Além disso, a vedação à contratação de familiares sem fundamento moral também foi mencionada. A alteração não exime o Ministério de seus deveres constitucionais.
O ex-ministro Queiroga negou que a portaria fosse uma “armadilha”. Ele afirmou que seu objetivo era disciplinar as Transferências Extraordinárias Descentralizadas (TEDs), que se tornaram rotina, especialmente para a contratação de recursos humanos.
A dependência de bolsistas, herdada de gestões anteriores, preocupa o governo. A divulgação dos contratados pode ser usada como munição em processos trabalhistas, evidenciando o vínculo com o ministério.
Dados revelados pela Saúde via Lei de Acesso à Informação mostram que, em 2015, cerca de 3.000 servidores concursados ou comissionados atuavam na administração da pasta em Brasília. Esse número caiu para cerca de 2.100 em novembro de 2023.
Em 2021, sob o governo Bolsonaro, o ministério divulgou parte da lista de bolsistas e consultores, com mais de 2.500 nomes e salários mensais totalizando R$ 16,3 milhões. O pagamento mais alto chegava a R$ 12 mil.
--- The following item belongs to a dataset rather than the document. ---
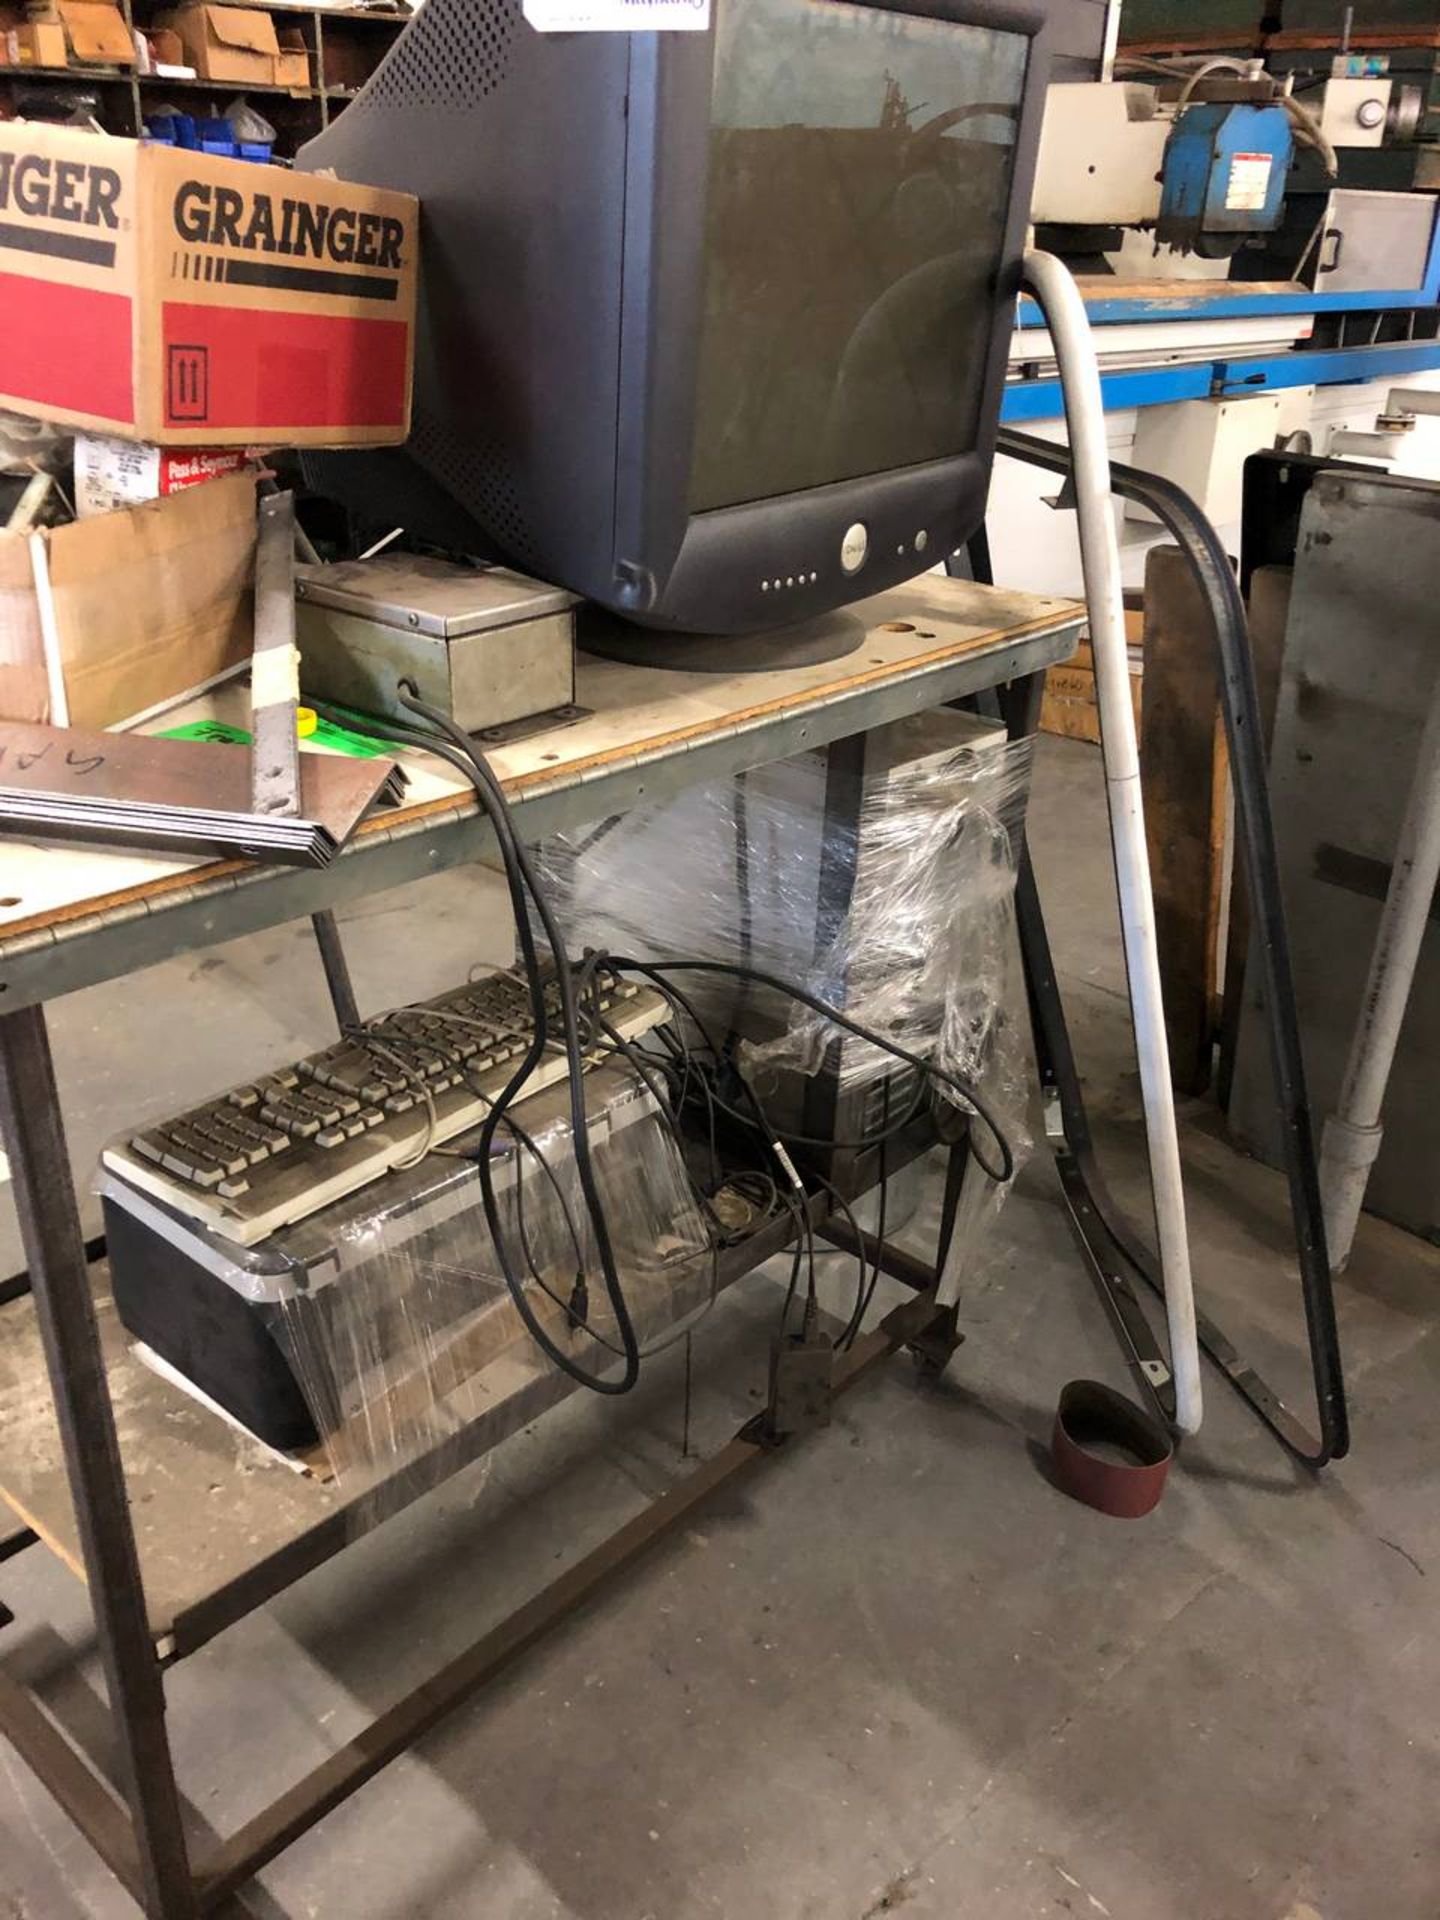 Computer Monitor and Printer on Cart

A falta de transparência em alguns cargos levou a situações controversas. Por exemplo, o jornalista José Camapum, primo da esposa do secretário-executivo da Saúde, recebe cerca de R$ 8.000 para atuar na Ouvidoria do ministério. Ele ganha mais do que os colegas, pois sua bolsa originalmente era destinada a um setor com salário mais alto.
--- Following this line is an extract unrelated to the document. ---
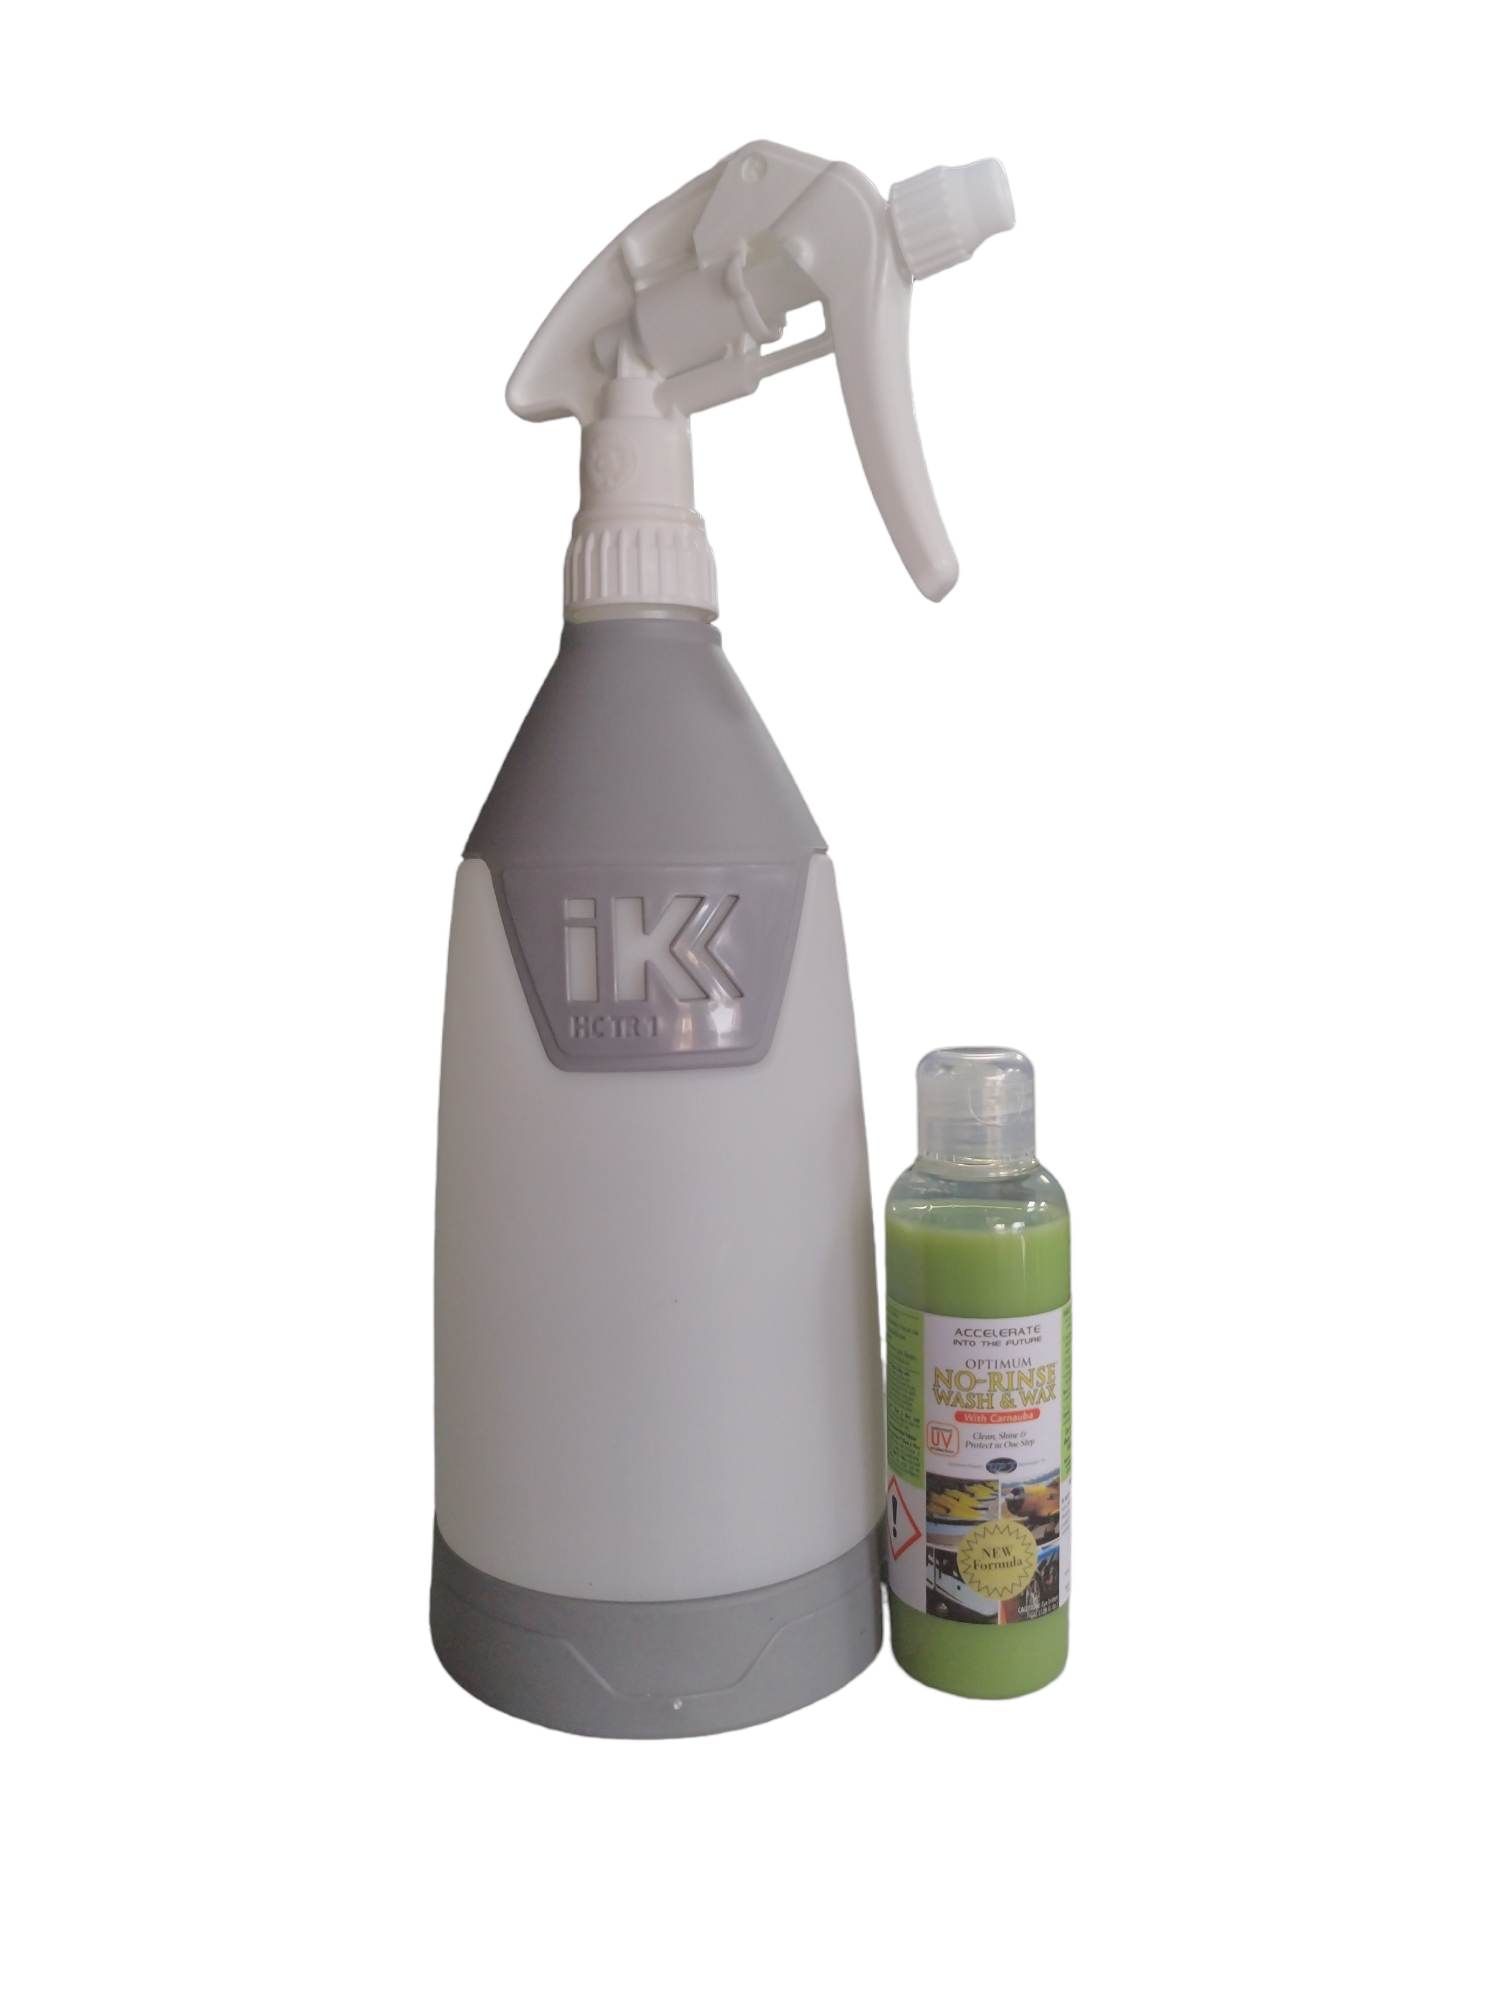 IK HC TR 1 professional sprayer

A regra revogada por Nísia não impediria essa contratação, já que Camapum não é parente próximo de Barbosa. A Saúde afirma que o jornalista é responsável pela comunicação da Ouvidoria desde julho de 2023 e tem mais de 40 anos de atuação profissional.
Outro exemplo é o dentista Marcelo Haas Villas Bôas, filho do general Villas Bôas, que atuou como bolsista no ministério de 2020 a janeiro de 2023, com salário de cerca de R$ 7.500. Parte de seu trabalho envolvia representar a Secretaria de Saúde Indígena em reuniões sobre a Covid.
Ainda há funcionários não concursados desempenhando funções importantes. Em 2021, William Amorim Santana, consultor contratado pela Opas, apontou erros no processo de compra da vacina indiana Covaxin. E o coronel Nivaldo Alves de Moura Filho, exonerado do cargo comissionado de diretor, passou a receber R$ 11 mil como bolsista da Fiotec em maio de 2021.
A Fiotec, fundação ligada à Fiocruz, afirma que os bolsistas atuam em projetos com prazo determinado, vinculado à execução dos mesmos.